* [What to do] Copy the data exactly. Images are to be left out.

* [Dataset section]

↓↓↓

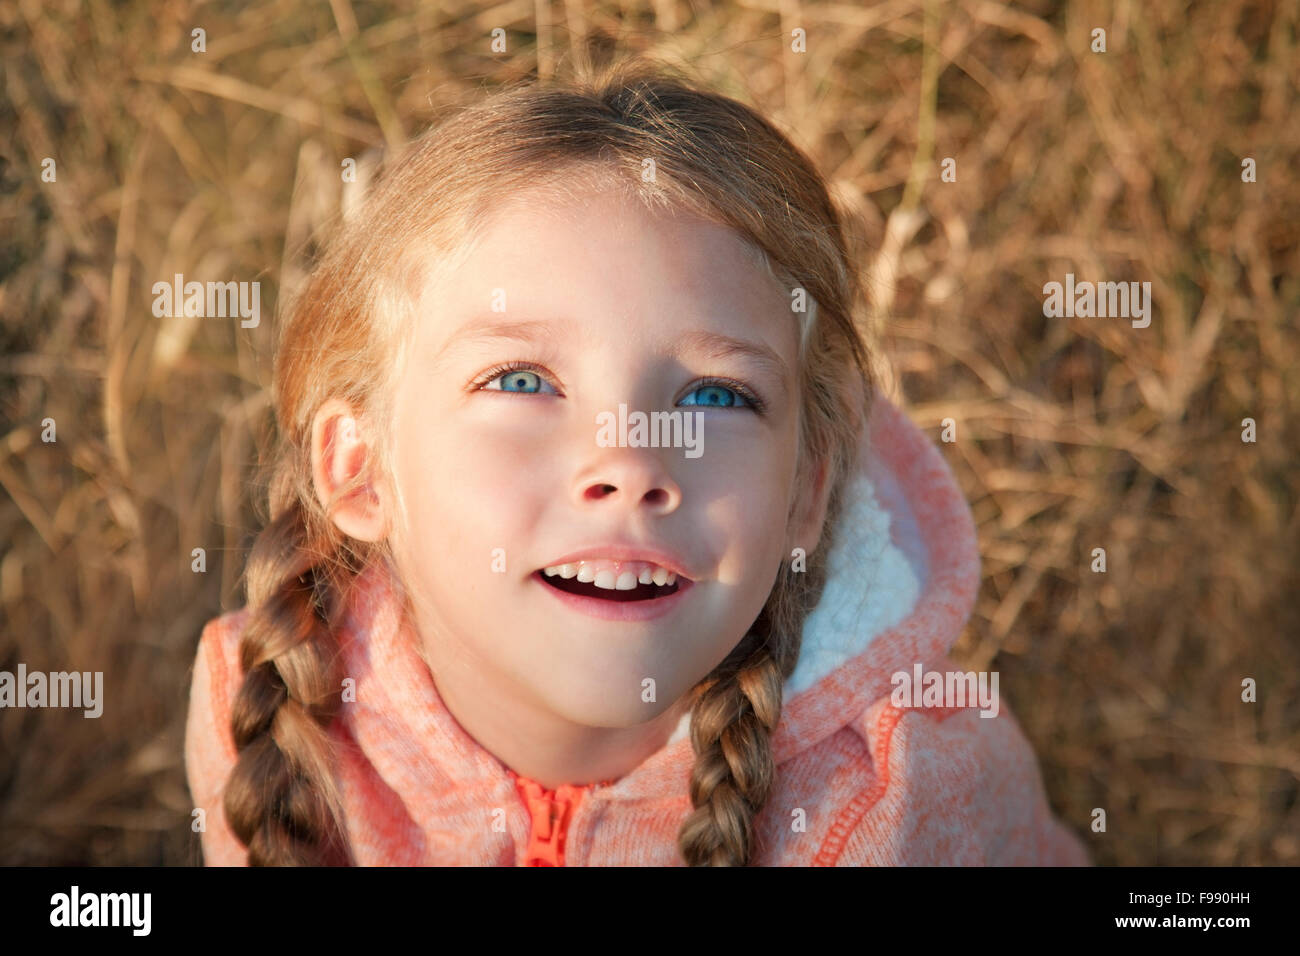 Porträt von einem kleinen Mädchen mit blauen Augen und Zöpfen Stockfoto
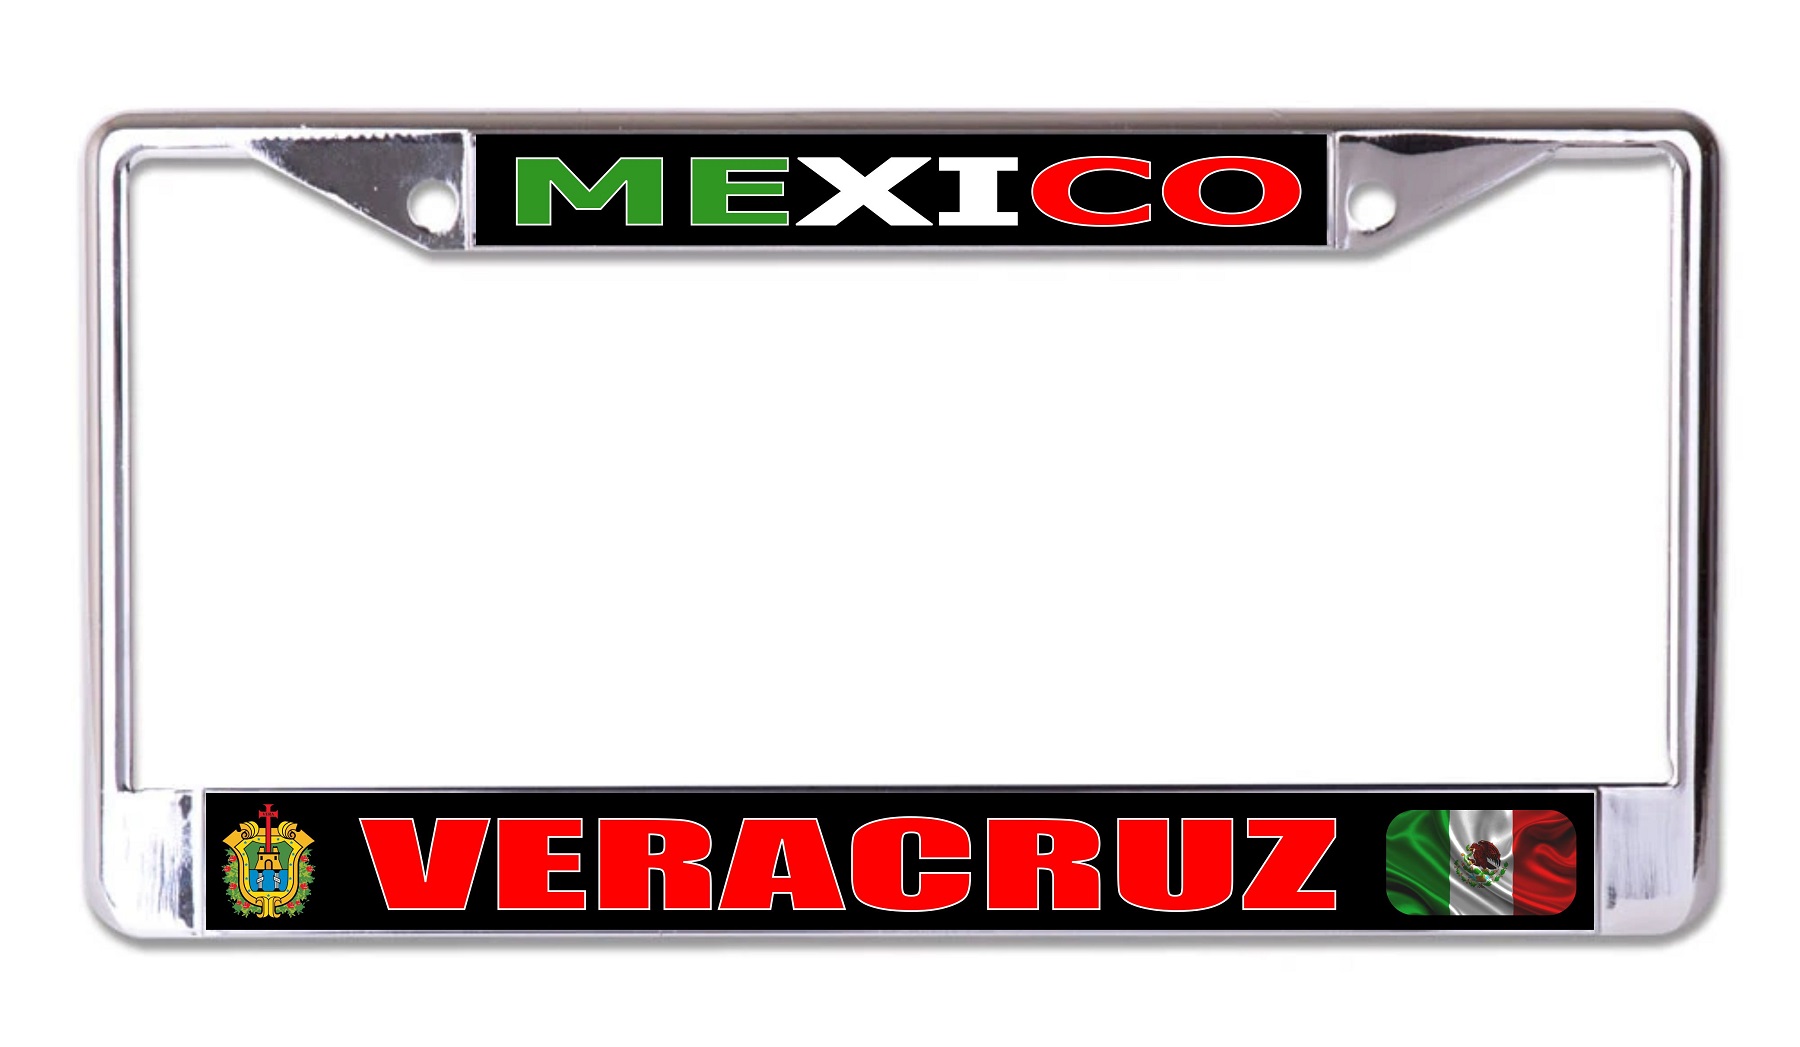 Mexico Veracruz Chrome LICENSE PLATE Frame
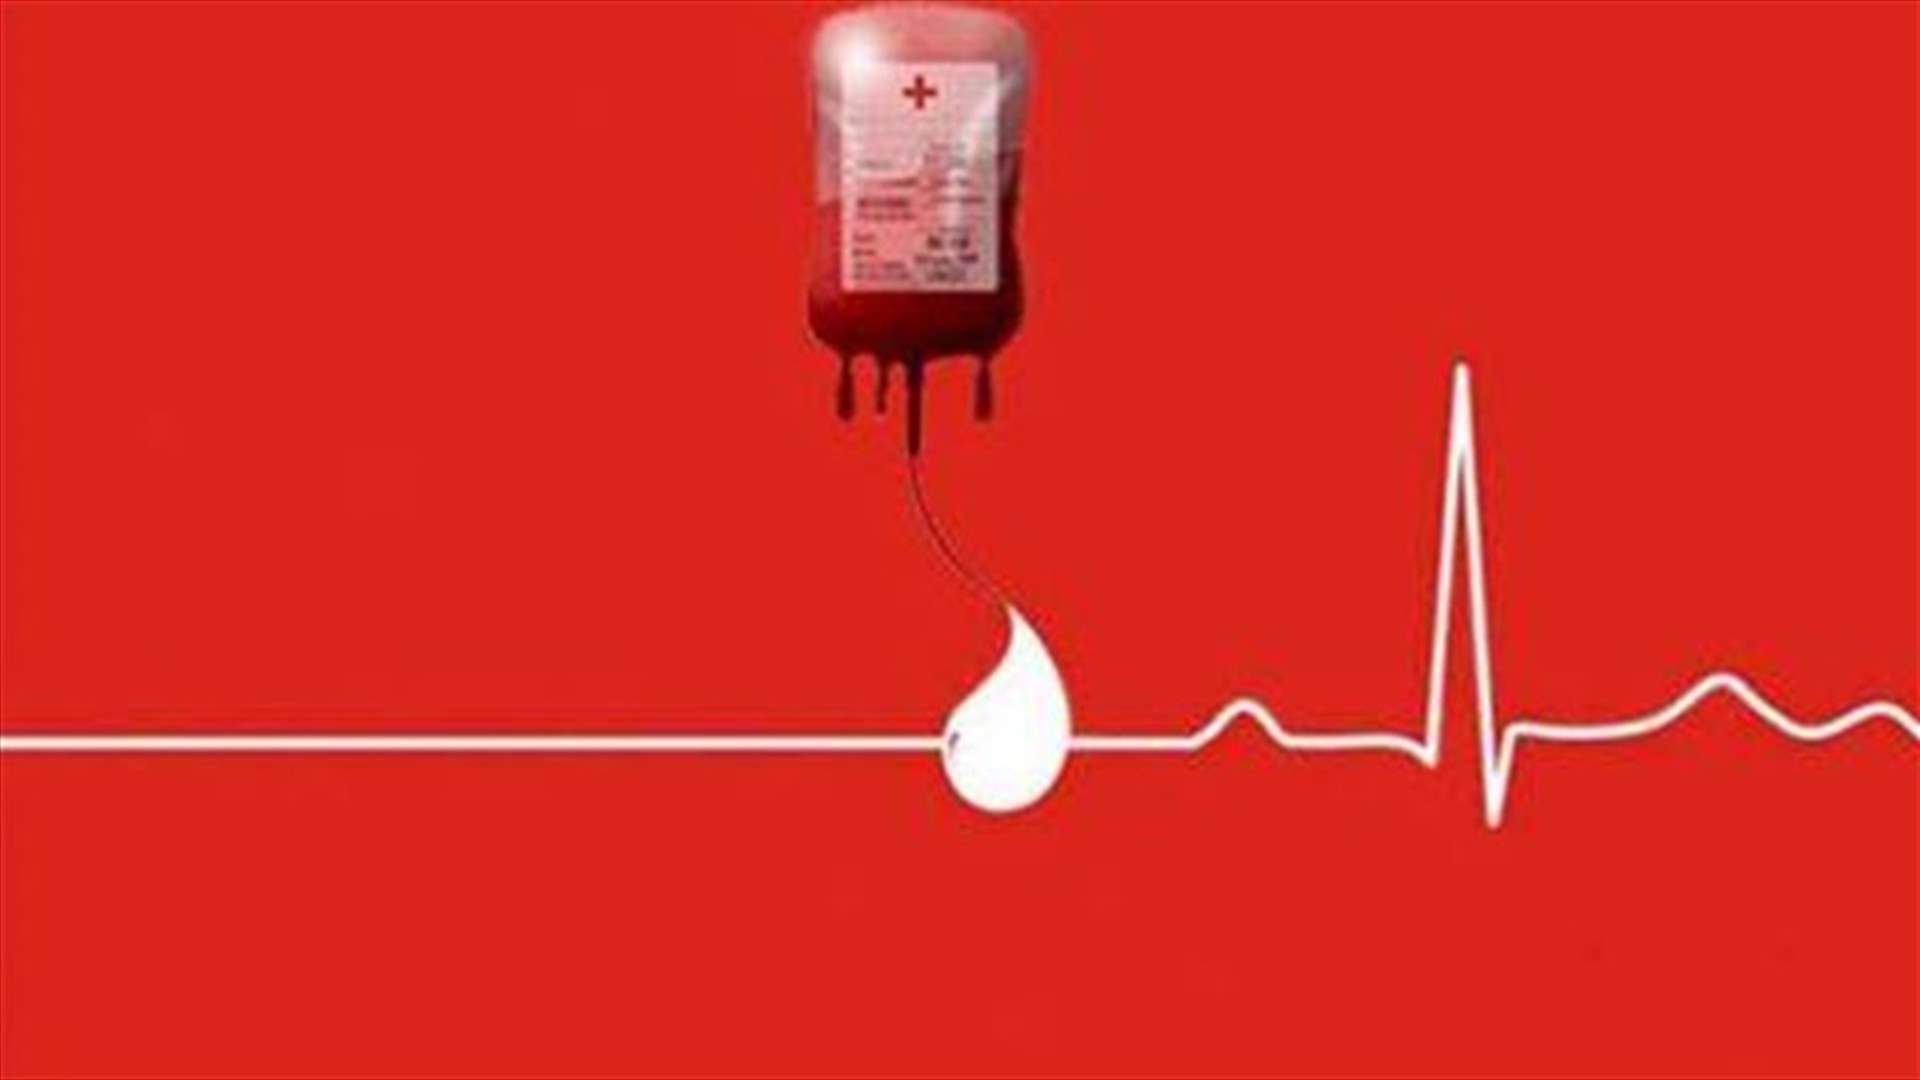 مريضة في مستشفى أوتيل ديو بحاجة ماسة الى 12 وحدة دم من فئة B+ يومي 21 و 22 شباط للتبرع الاتصال على الرقم: 03/380423

↑↑↑

* [Solution to this problem]
 Porträt von einem kleinen Mädchen mit blauen Augen und Zöpfen Stockfoto
 Mexico Veracruz Chrome LICENSE PLATE Frame
 مريضة في مستشفى أوتيل ديو بحاجة ماسة الى 12 وحدة دم من فئة B+ يومي 21 و 22 شباط للتبرع الاتصال على الرقم: 03/380423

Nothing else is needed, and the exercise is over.